§ Exercise requirements
Please give back word for word the lines of the material below between the line containing "新竹市府衛生局昨天與教育處聯" and the line containing "Black sandals gold", inclusive.

§ Data section
=== Section Start ===

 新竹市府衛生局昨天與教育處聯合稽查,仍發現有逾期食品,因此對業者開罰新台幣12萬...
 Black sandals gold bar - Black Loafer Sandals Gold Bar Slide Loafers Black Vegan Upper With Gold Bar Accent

=== Section End ===
=== Section Start ===

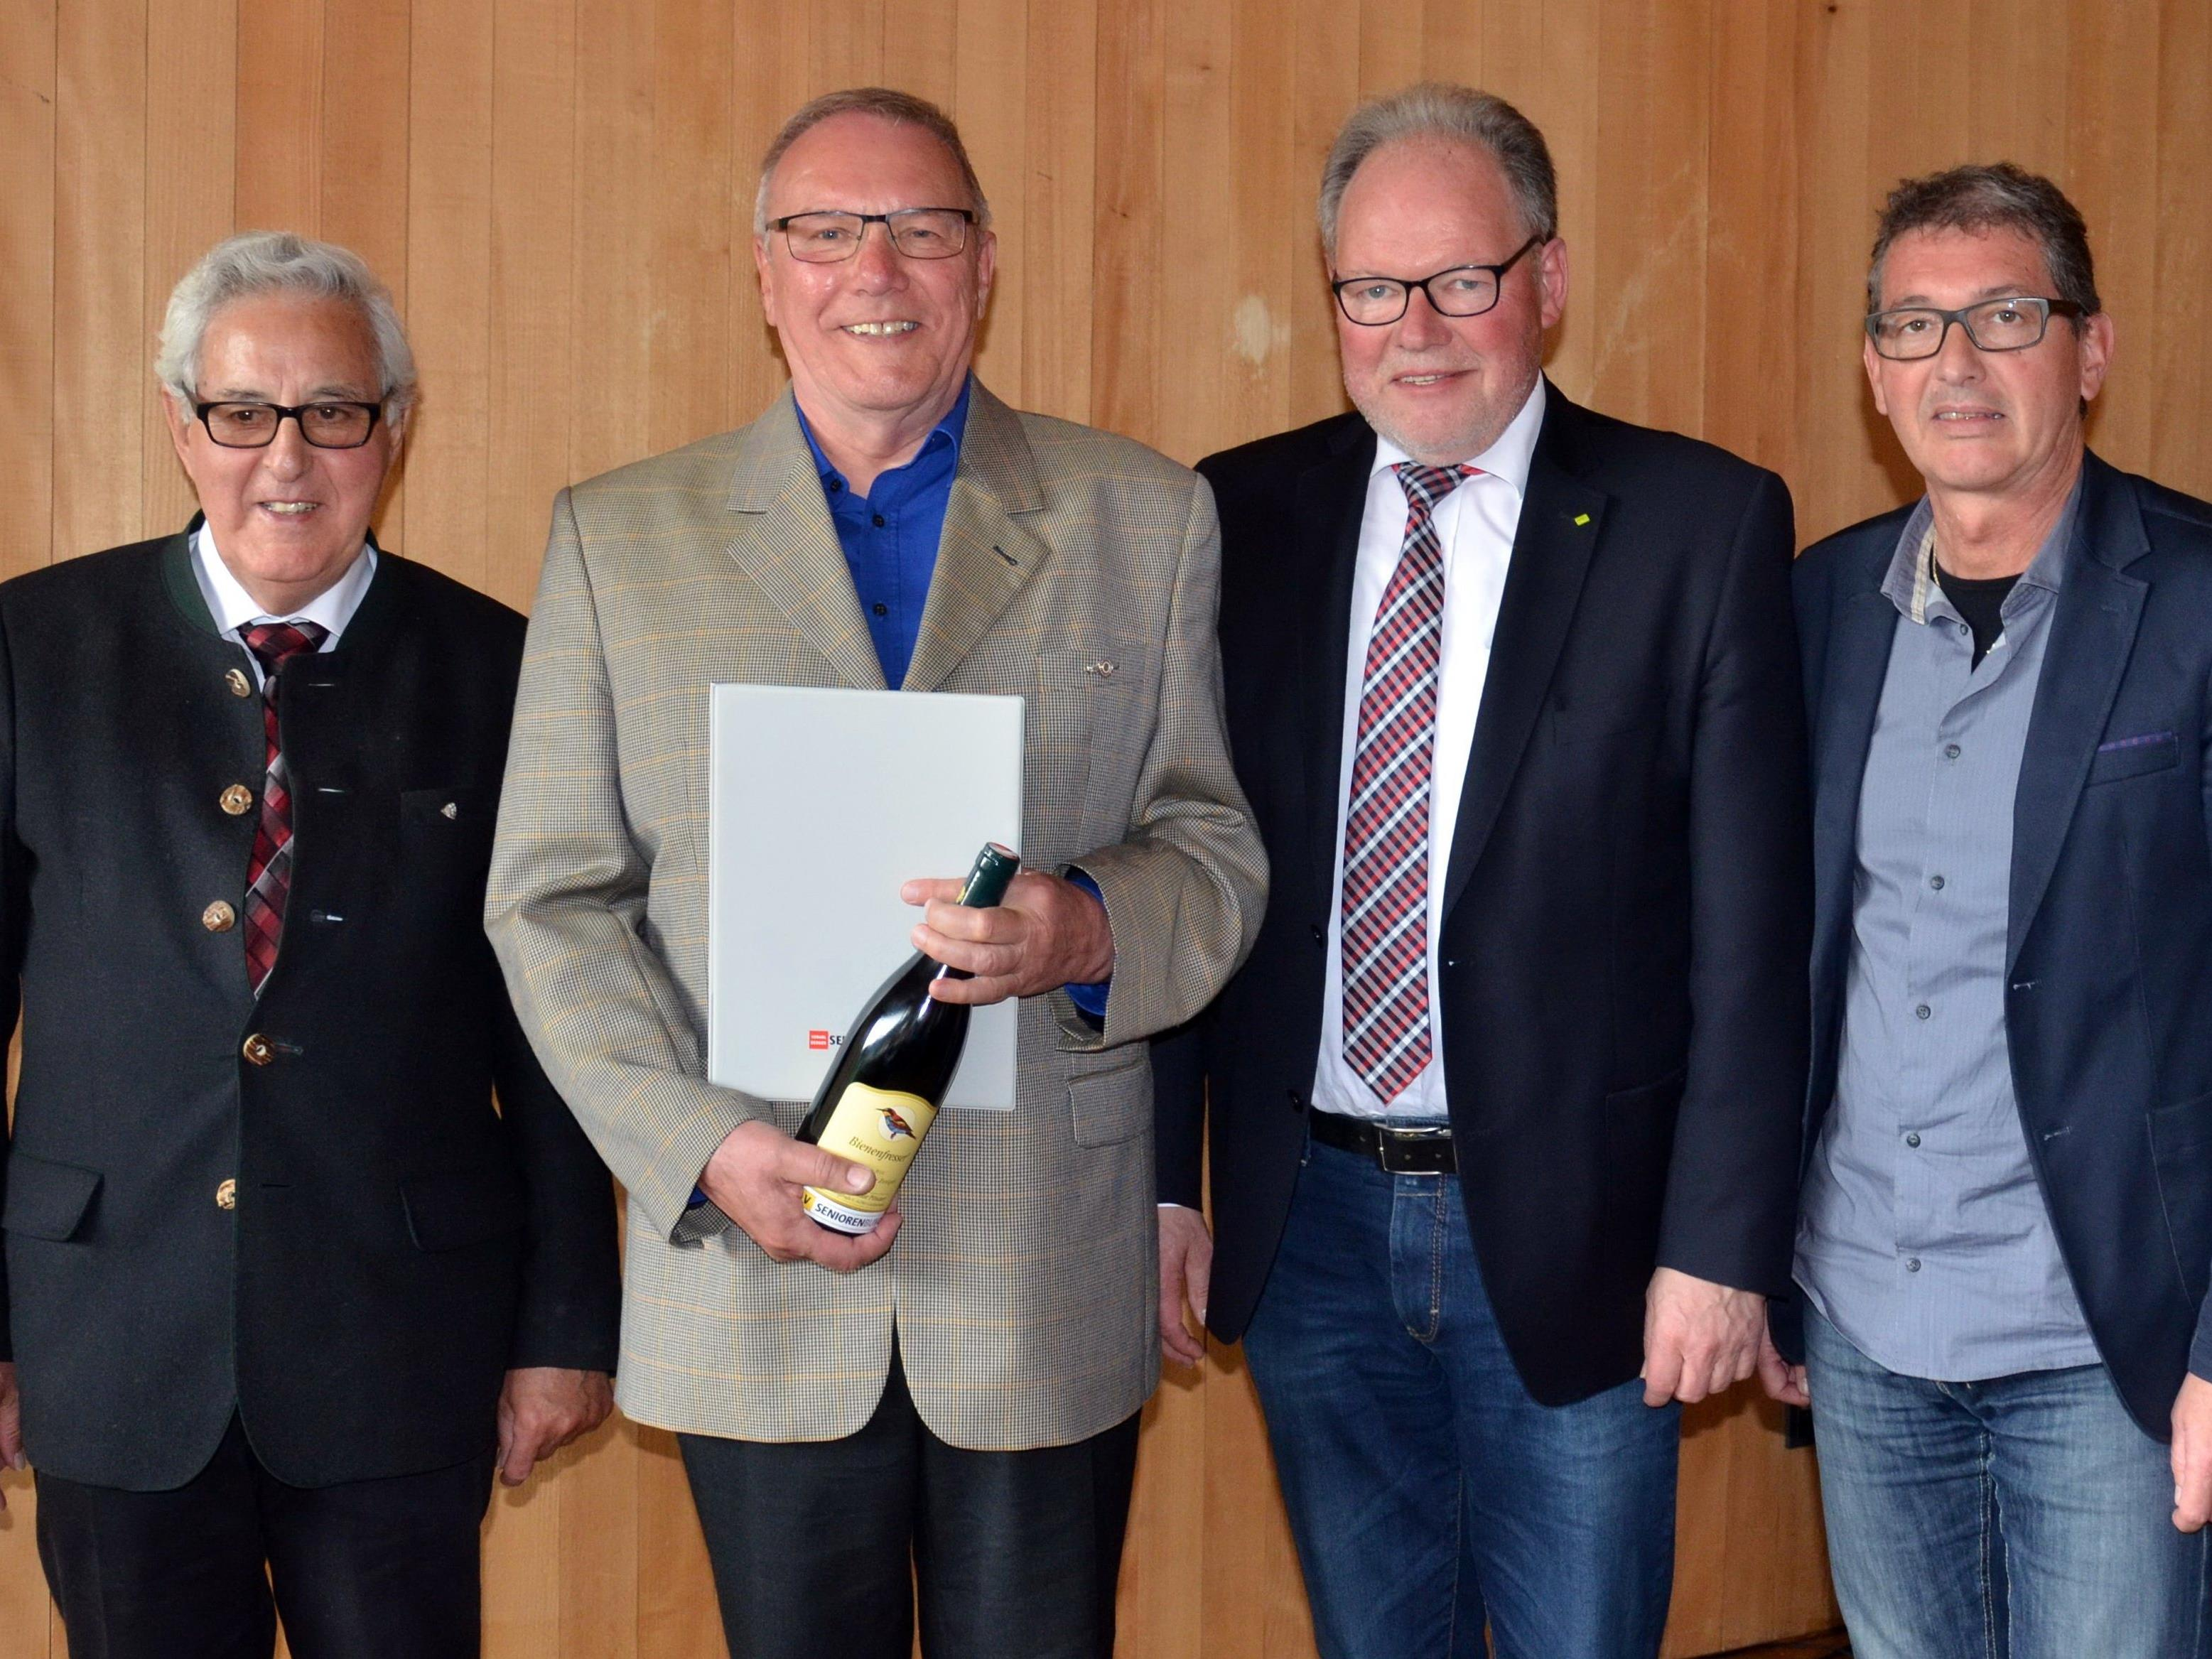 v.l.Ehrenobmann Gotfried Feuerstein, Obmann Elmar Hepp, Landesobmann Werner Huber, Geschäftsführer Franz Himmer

=== Section End ===
=== Section Start ===

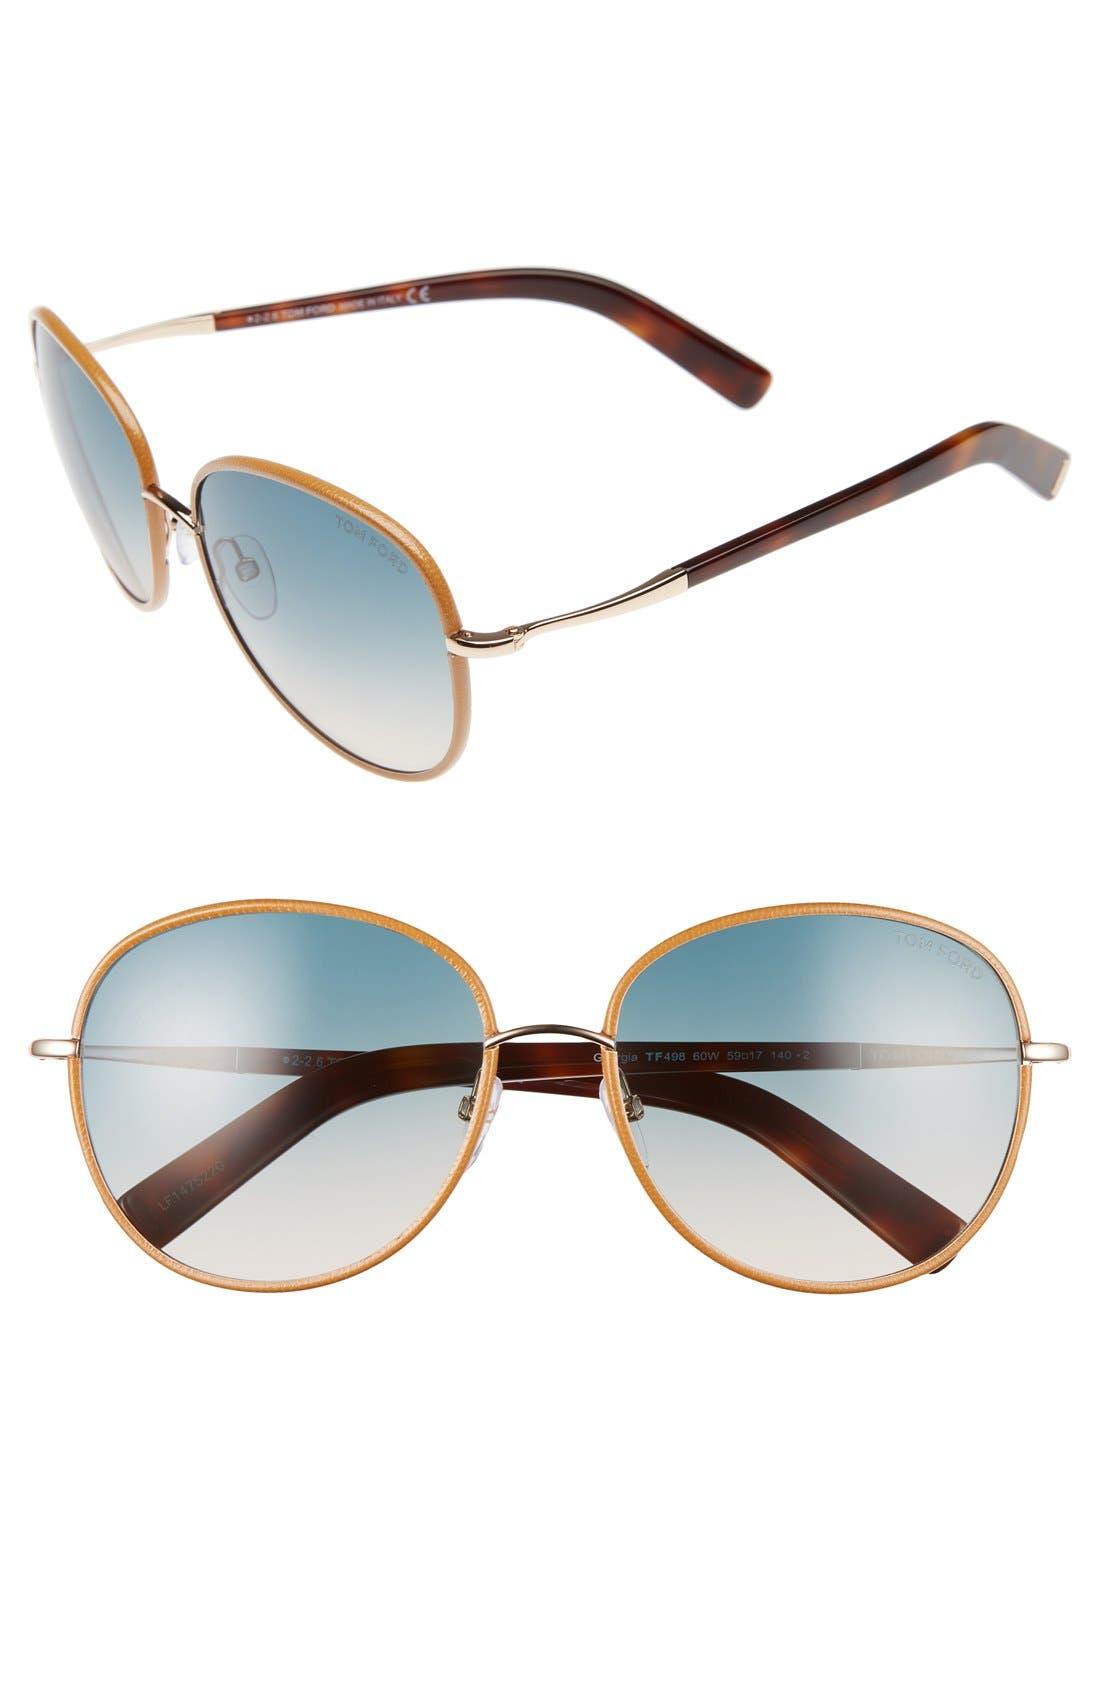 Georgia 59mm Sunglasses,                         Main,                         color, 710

=== Section End ===

§ Answer box
 新竹市府衛生局昨天與教育處聯合稽查,仍發現有逾期食品,因此對業者開罰新台幣12萬...
 Black sandals gold bar - Black Loafer Sandals Gold Bar Slide Loafers Black Vegan Upper With Gold Bar Accent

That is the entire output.